WORK INSTRUCTION:
All of the data must be written out verbatim, with pictures excluded.

INPUT DATA:
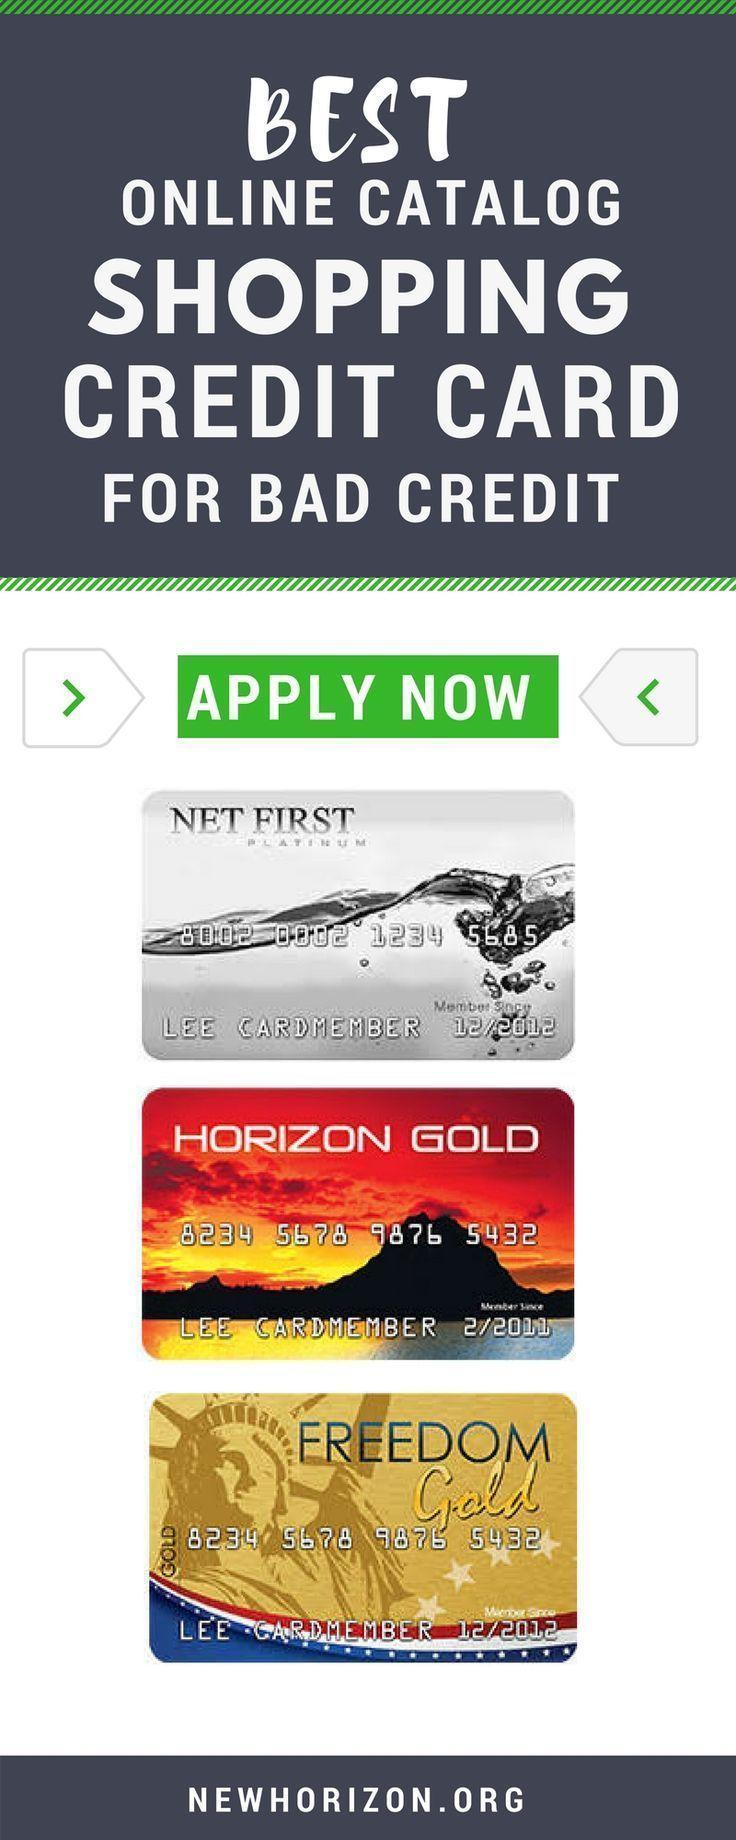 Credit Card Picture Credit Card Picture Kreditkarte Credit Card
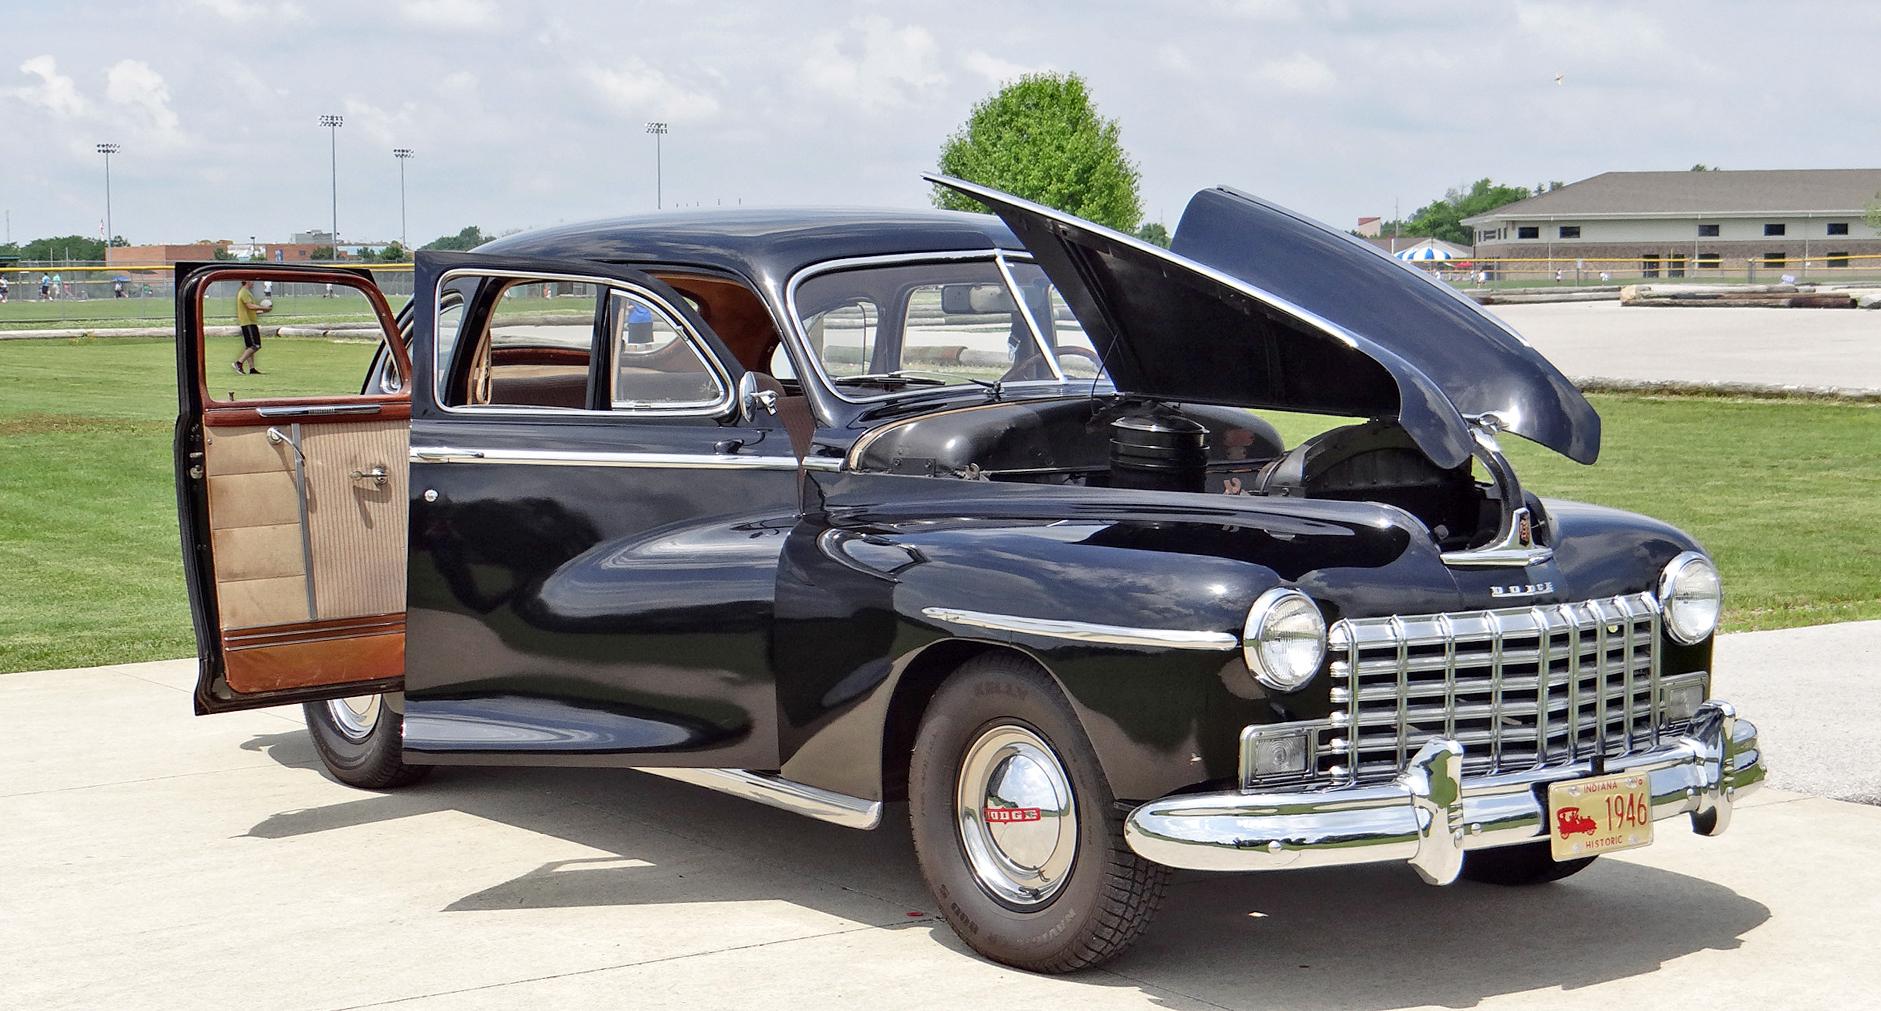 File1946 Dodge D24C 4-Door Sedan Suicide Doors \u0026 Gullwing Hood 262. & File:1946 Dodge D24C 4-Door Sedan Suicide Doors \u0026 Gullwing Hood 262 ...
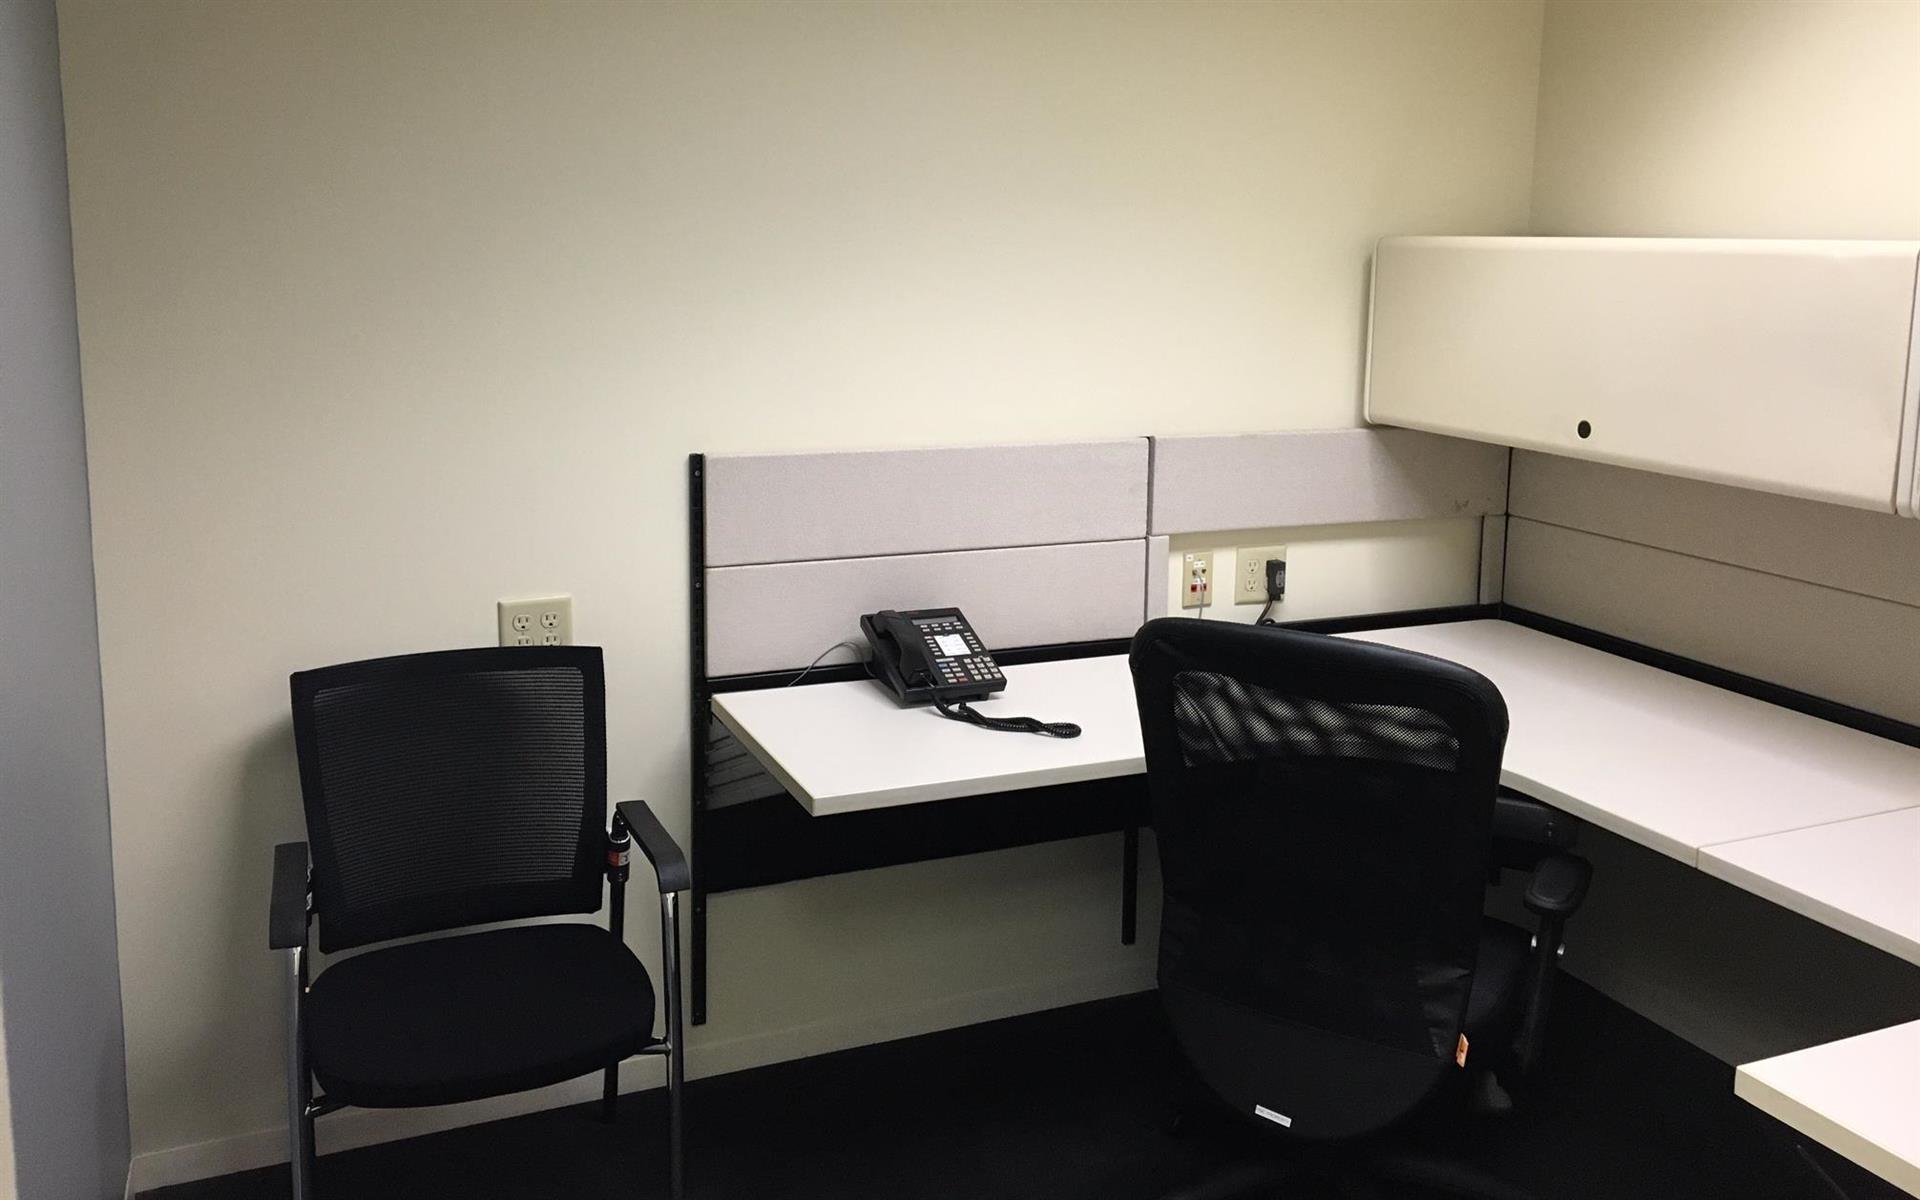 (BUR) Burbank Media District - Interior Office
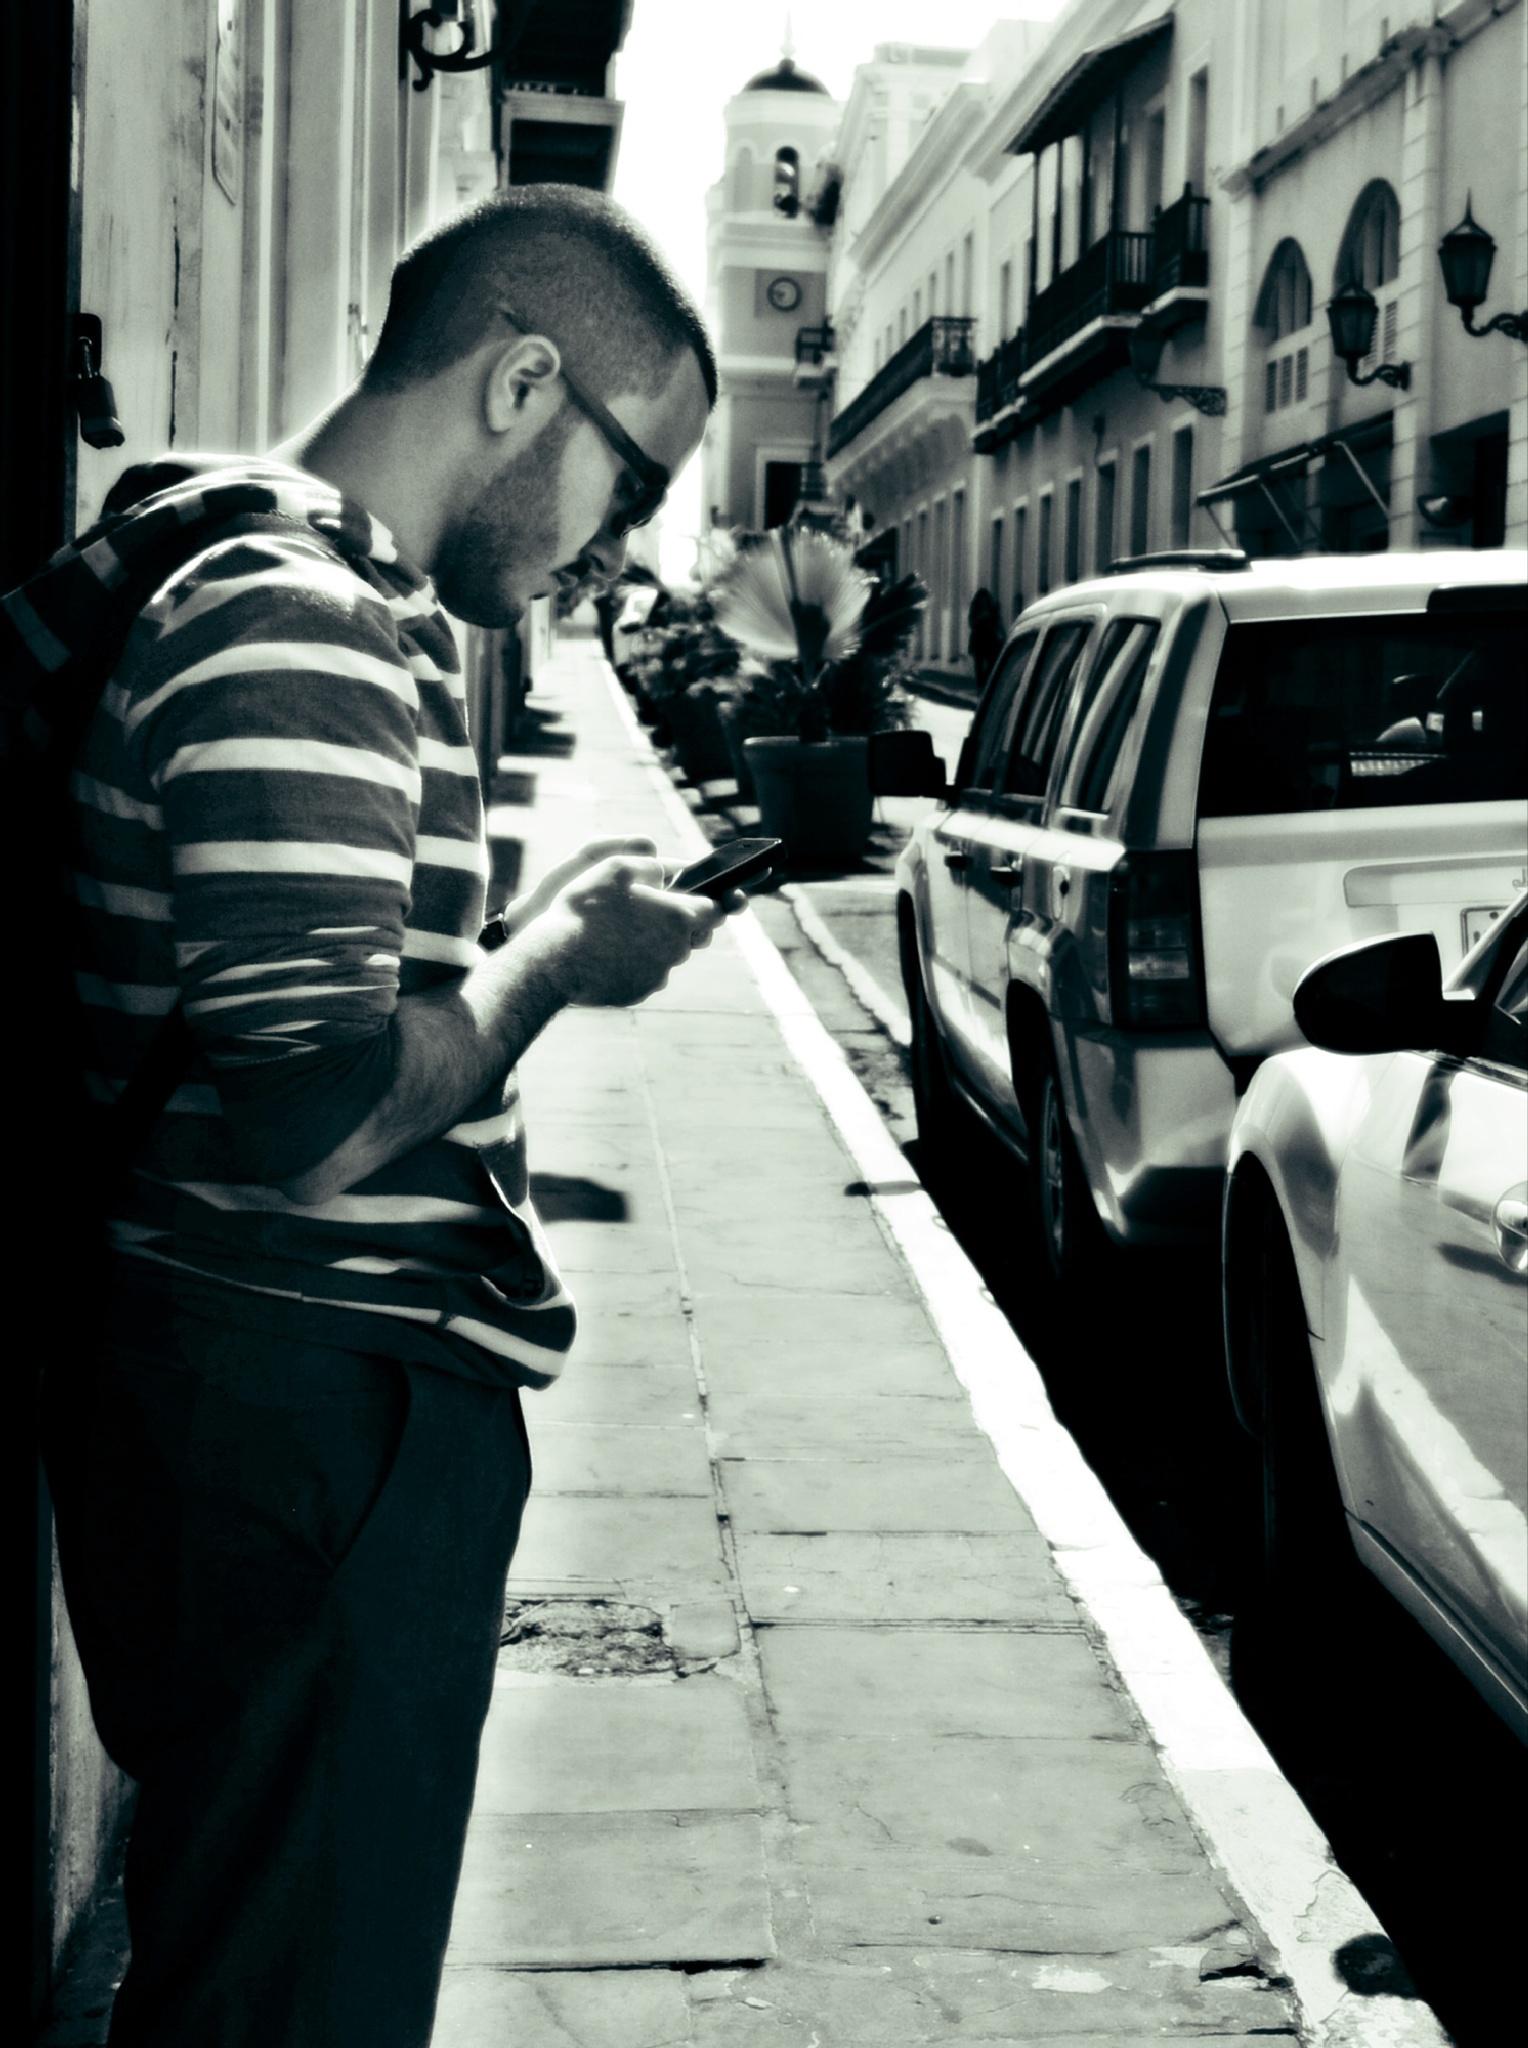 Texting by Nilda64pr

FINAL ANSWER:
 Credit Card Picture Credit Card Picture Kreditkarte Credit Card
 File1946 Dodge D24C 4-Door Sedan Suicide Doors \u0026 Gullwing Hood 262. & File:1946 Dodge D24C 4-Door Sedan Suicide Doors \u0026 Gullwing Hood 262 ...
 (BUR) Burbank Media District - Interior Office
 Texting by Nilda64pr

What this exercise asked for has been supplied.